Further work will be done to secure other possible paths for Asian carp between the Mississippi watershed and Lake Erie. The use of underwater acoustics to repel fish will also be explored further.

Sandra Morrison, a staff scientist with the United States Geological Survey said, “In 2018, we are conducting pond trials at the USGS CERC (Columbia Environmental Research Center) to test new acoustic stimuli that have not previously been tested. These new sounds will then be tested in the Wabash River on wild fish. Two large-scale field applications of acoustic deterrents are also new for 2018. We will assist the (U.S.) Fish and Wildlife Service with the evaluation of a proprietary system in Kentucky, and start planning for the implementation of an acoustic deterrent system at Lock and Dam 19 on the Mississippi River.”

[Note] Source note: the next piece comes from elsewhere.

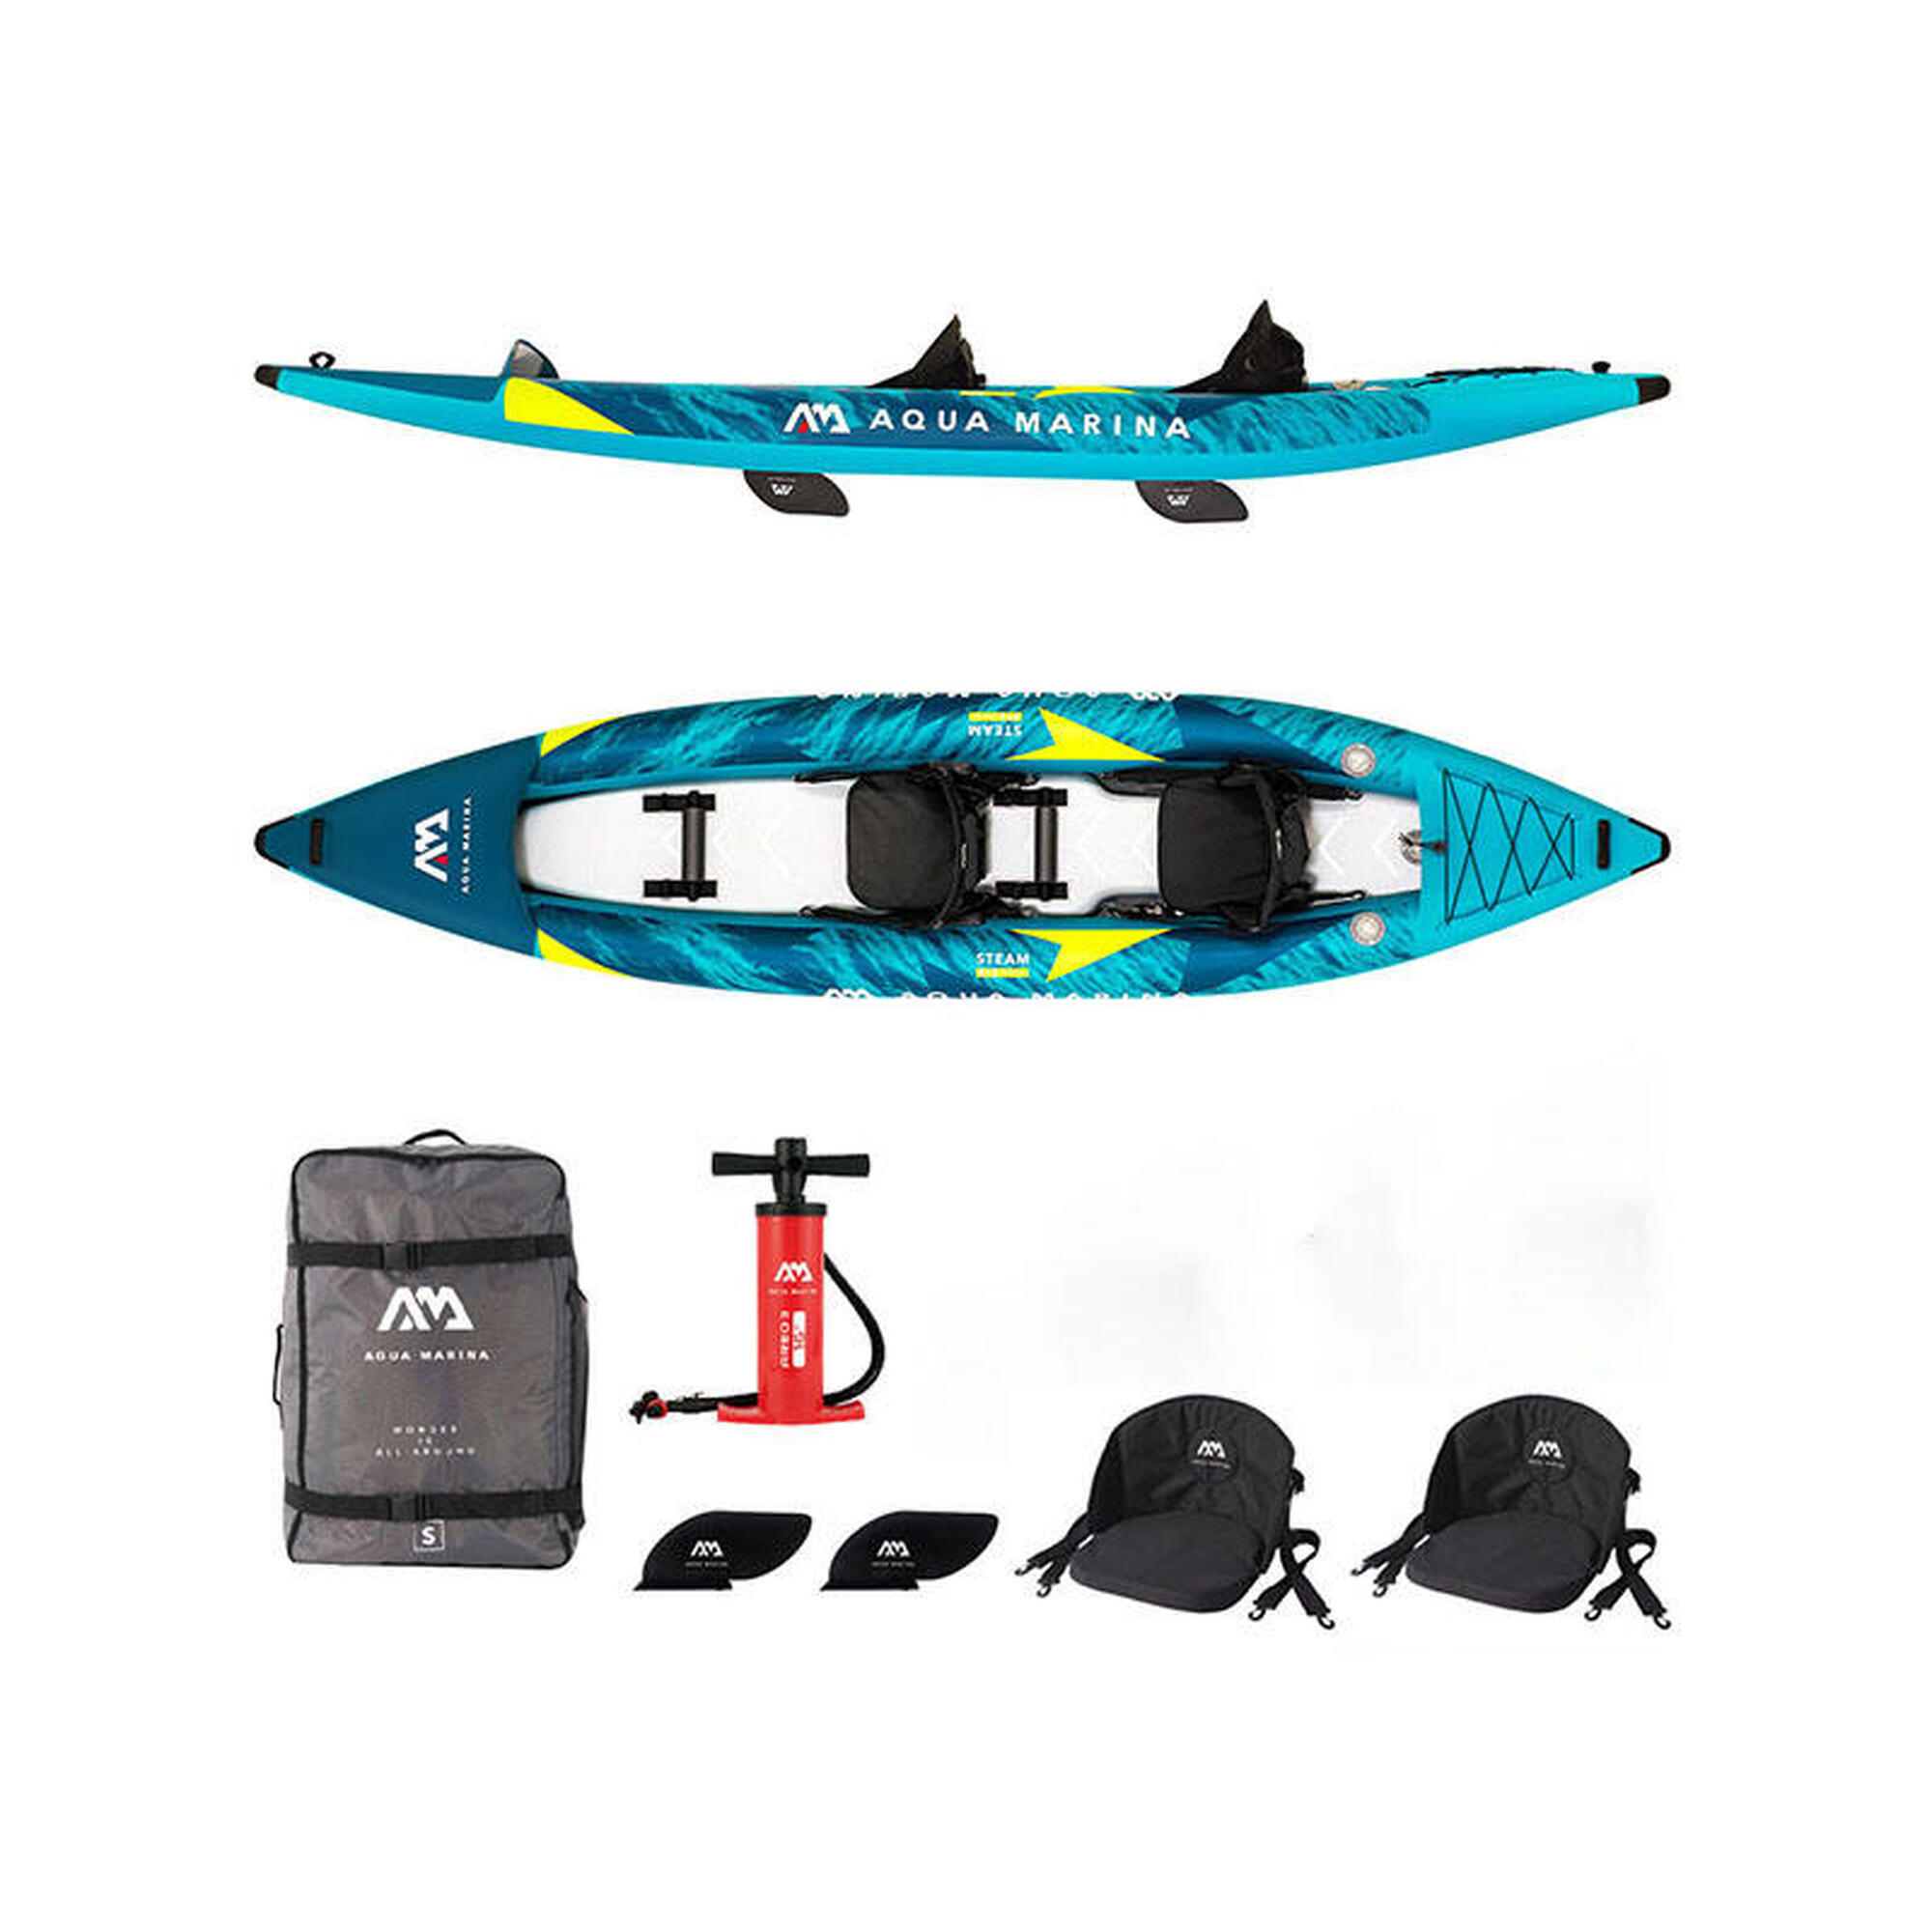 Aqua Marina Versatile / Whitewater Kayak 2 személyes 13'6" felfújható kajak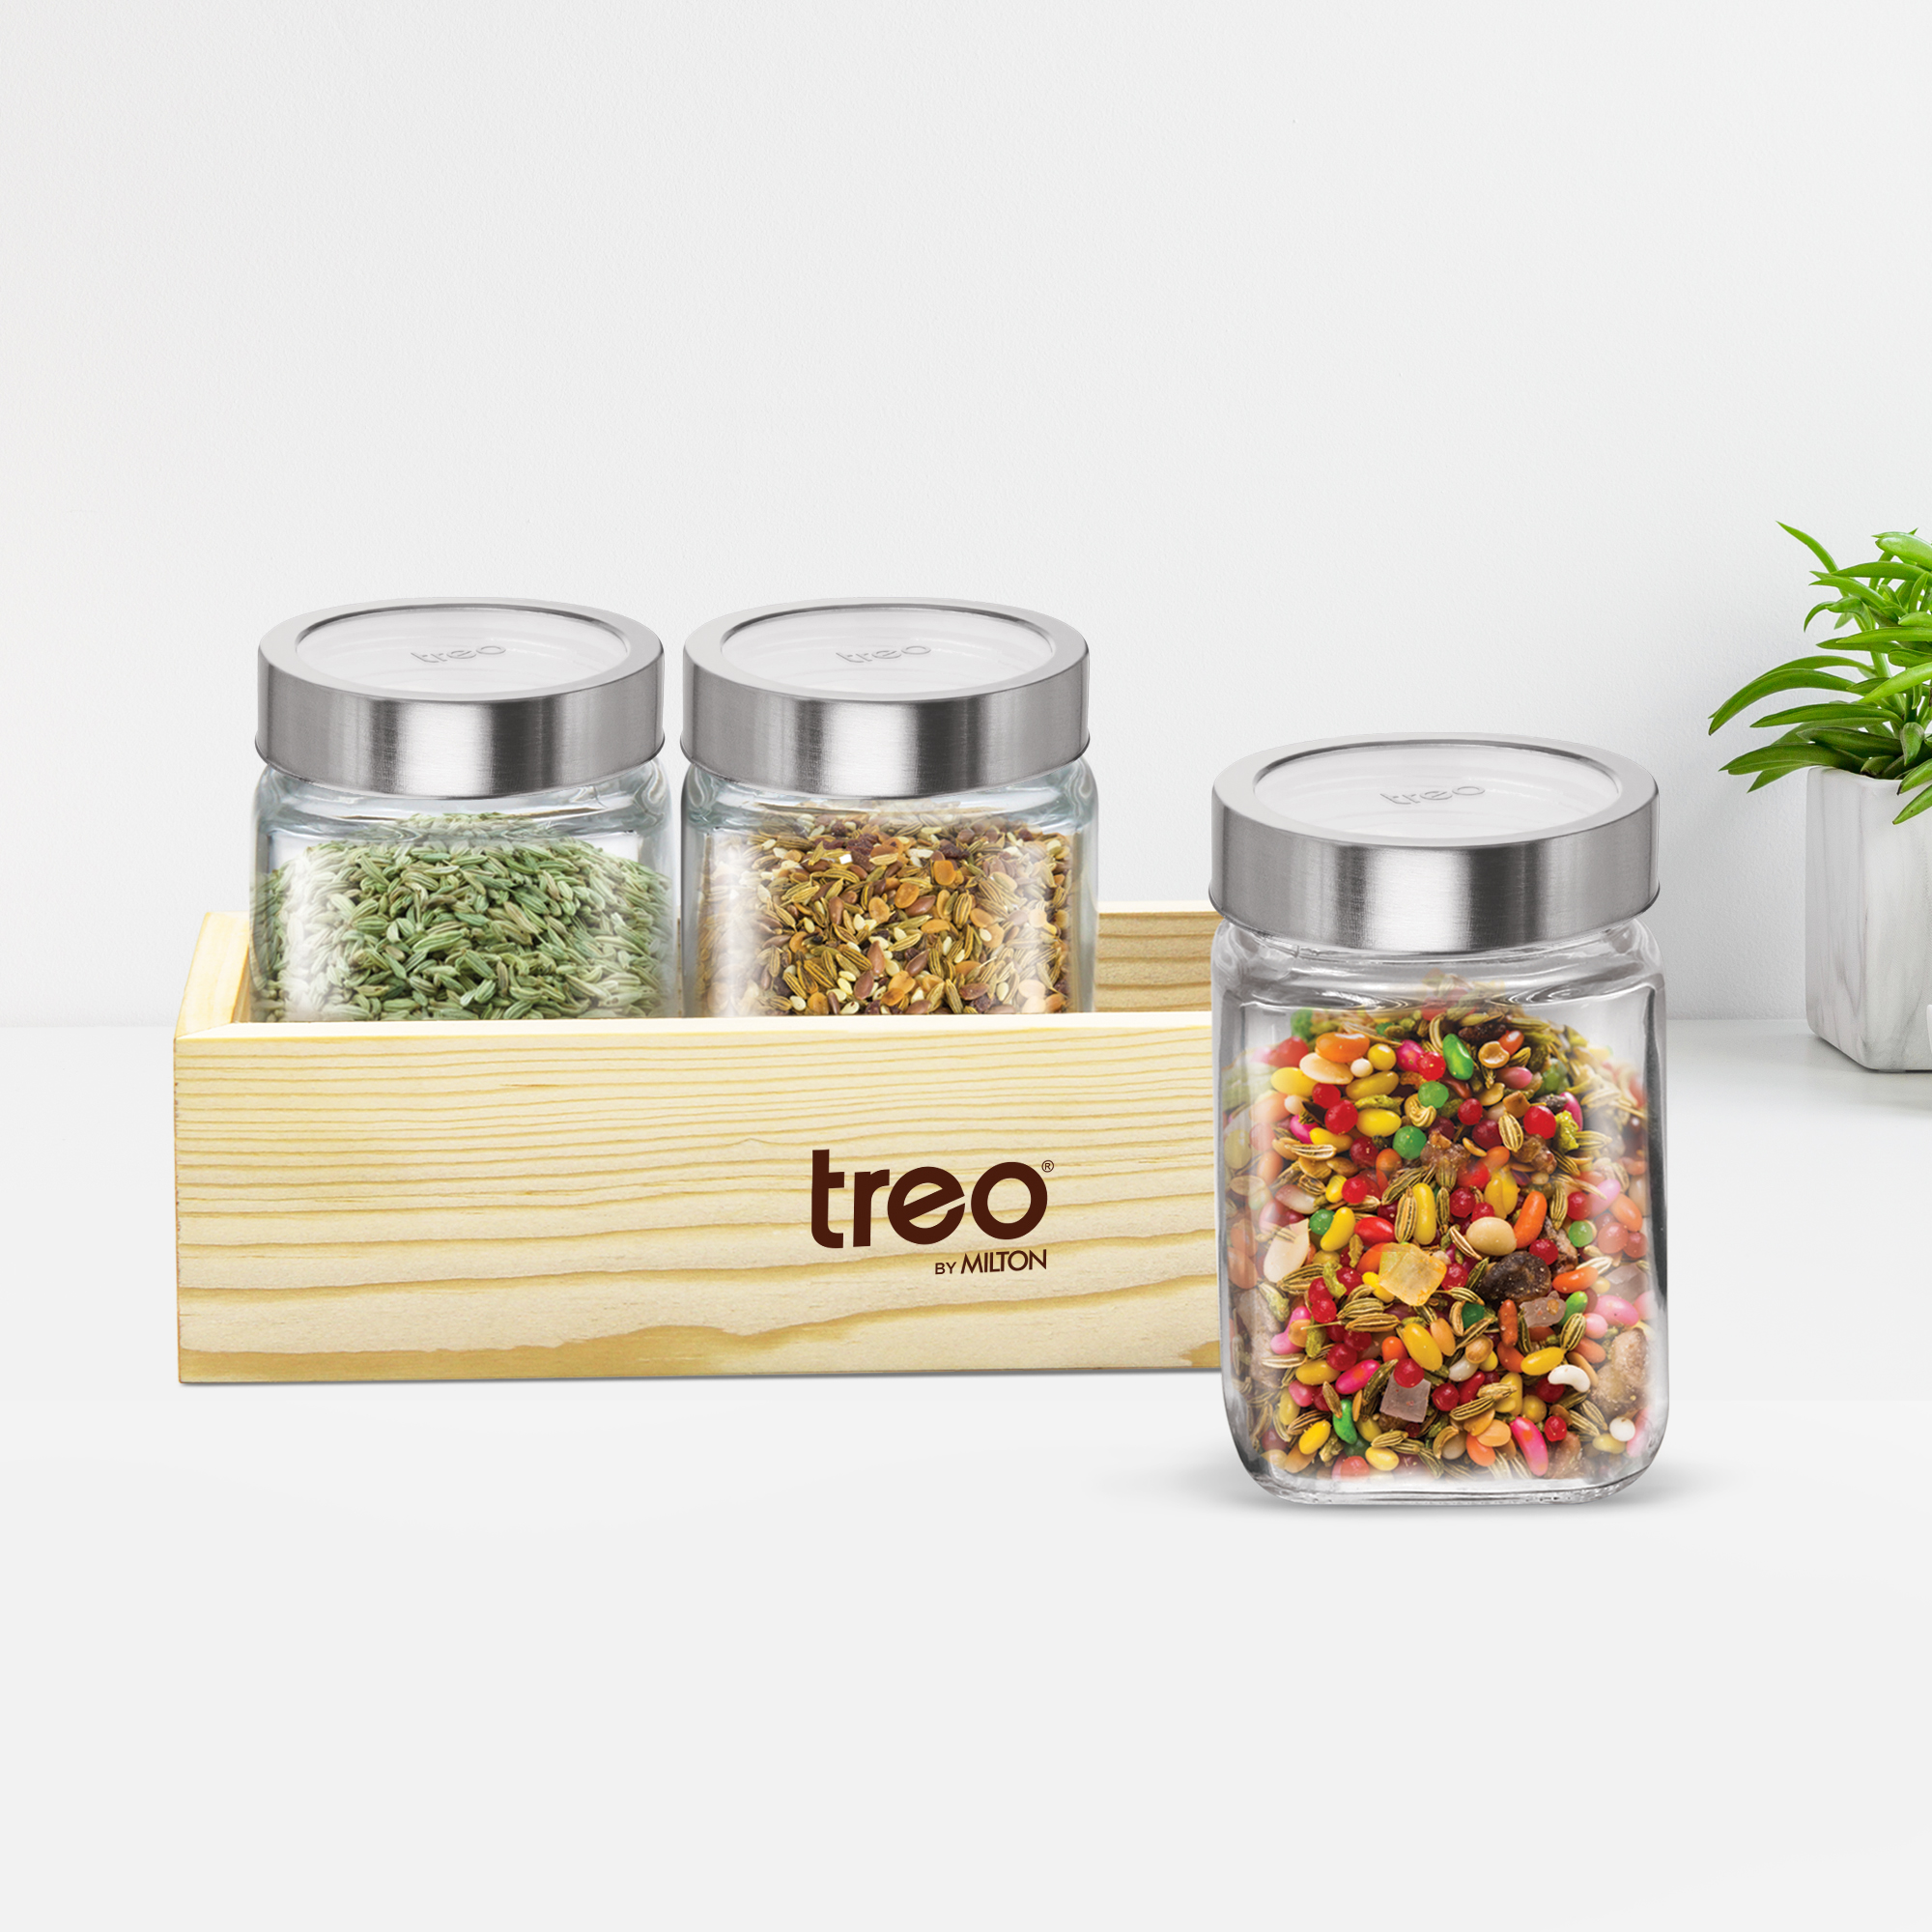 Spice Jars - Buy Glass Spice Jars Online - Treo by Milton

Antimycin, a control agent delivered through micro-particle bait that silver and bighead carp will consume but native fish won’t, was tried in a limited field trial in 2017. Larger-scale trials will take place this year.

“We plan to conduct a larger field trial in 2018 in a location invaded by silver carp and bighead carp but with diverse native fish population still present. The 2018 trial will incorporate lessons learned from the first field trial with a research objective of improving the efficacy of this tool to remove silver carp and bighead carp,” Morrison said. “The 2018 field trial is also important in that it will allow us to collect data and information on the risk to native aquatic animals present during micro-particle application.”

Work on technologies used against grass carp will also be increased in response to the heightened threat to Lake Erie.

The 2018 plan is the foundation for the work of the ACRCC partnership — a collaboration of 27 U.S. and Canadian federal, state, provincial, and local agencies and organizations.